Progress is being made in efforts to slow the flow and improve water quality in the Kissimmee River, according to information shared at the Lake Okeechobee Basin Management Action Plan (BMAP) annual meeting on June 2.
The Kissimmee River Restoration Project, which restored the central one-third of the original river and floodplain, was completed in 2021, explained Stacey Ollis SFWMD Everglades and Estuaries Protection Bureau. The project restored the winding path of 44 central miles of the original river.
Hydrologic restoration will occur over the next several years, Ollis explained. The Kissimmee Headwaters Revitalization Schedule, which will increase water storage in the headwaters, will be phased in over the next five years, she said.
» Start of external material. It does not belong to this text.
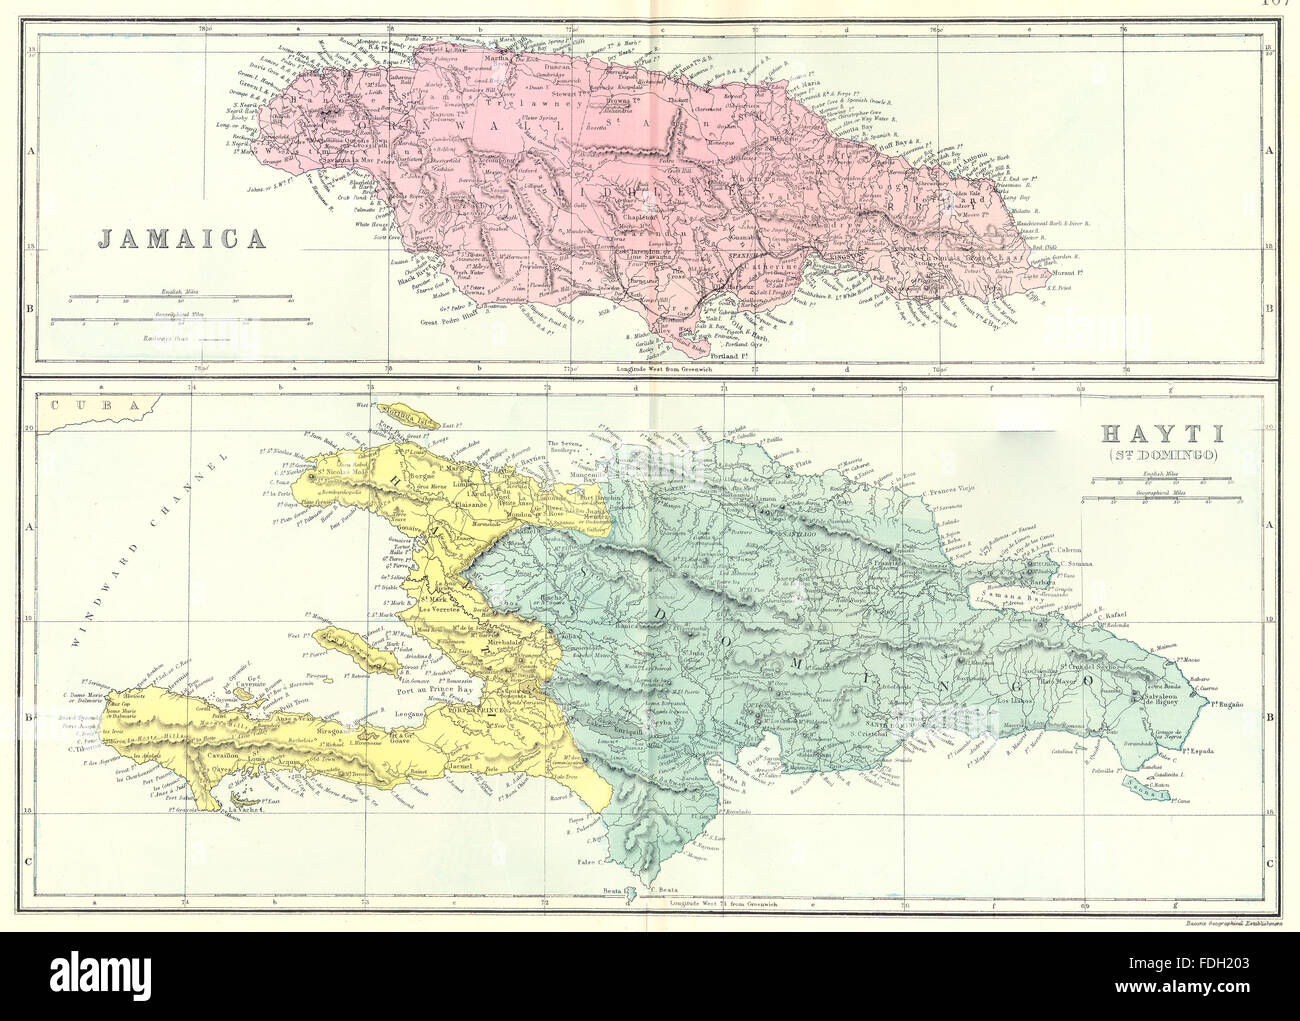 La Jamaïque et Haïti : Haïti Santo Domingo République dominicaine. Bacon, 1895 map Banque D'Images

This will better mimic the river's natural flow.
In addition, the Lake Okeechobee Watershed Restoration Plan (LOWRP) includes restoration of two wetlands areas south of the restored section of the river. The Kissimmee River Center project will restore 1,200 acres of wetlands. The Paradise Run project will restore 4,700 acres of wetlands at the southern end of the river, just north of Lake Okeechobee.
The Kissimmee Basin encompasses more than two dozen lakes in the Kissimmee Chain of Lakes (KCOL), their tributary streams and associated marshes and the Kissimmee River and floodplain. The basin forms the headwaters of Lake Okeechobee.
The Kissimmee River once meandered for 103 miles through central Florida. Its floodplain, reaching up to 3 miles wide, was inundated for long periods by heavy seasonal rains. In the 1960s, as part of the Central and South Florida Flood Control Project, the Kissimmee River was channelized by cutting and dredging a 30-feet-deep straightaway through the river's meanders: the C-38 canal.
After extensive planning, construction for the Kissimmee River Restoration Project began in 1999 with backfilling 8 miles of the C-38 canal. The project was originally expected to take about 10 years, but there numerous delays due to funding shortfalls and hurricanes. The U.S. Army Corps of Engineers celebrated the project’s completion on July 29, 2021.
According to the U.S. Geological Survey, before the river was channelized, it took about six months for rain that fell at the river’s headwaters to slowly sheetflow south to Lake Okeechobee. Due to the channelization, which send the rainfall down a straight, deep path, that hydrological trip was reduced to just a few weeks.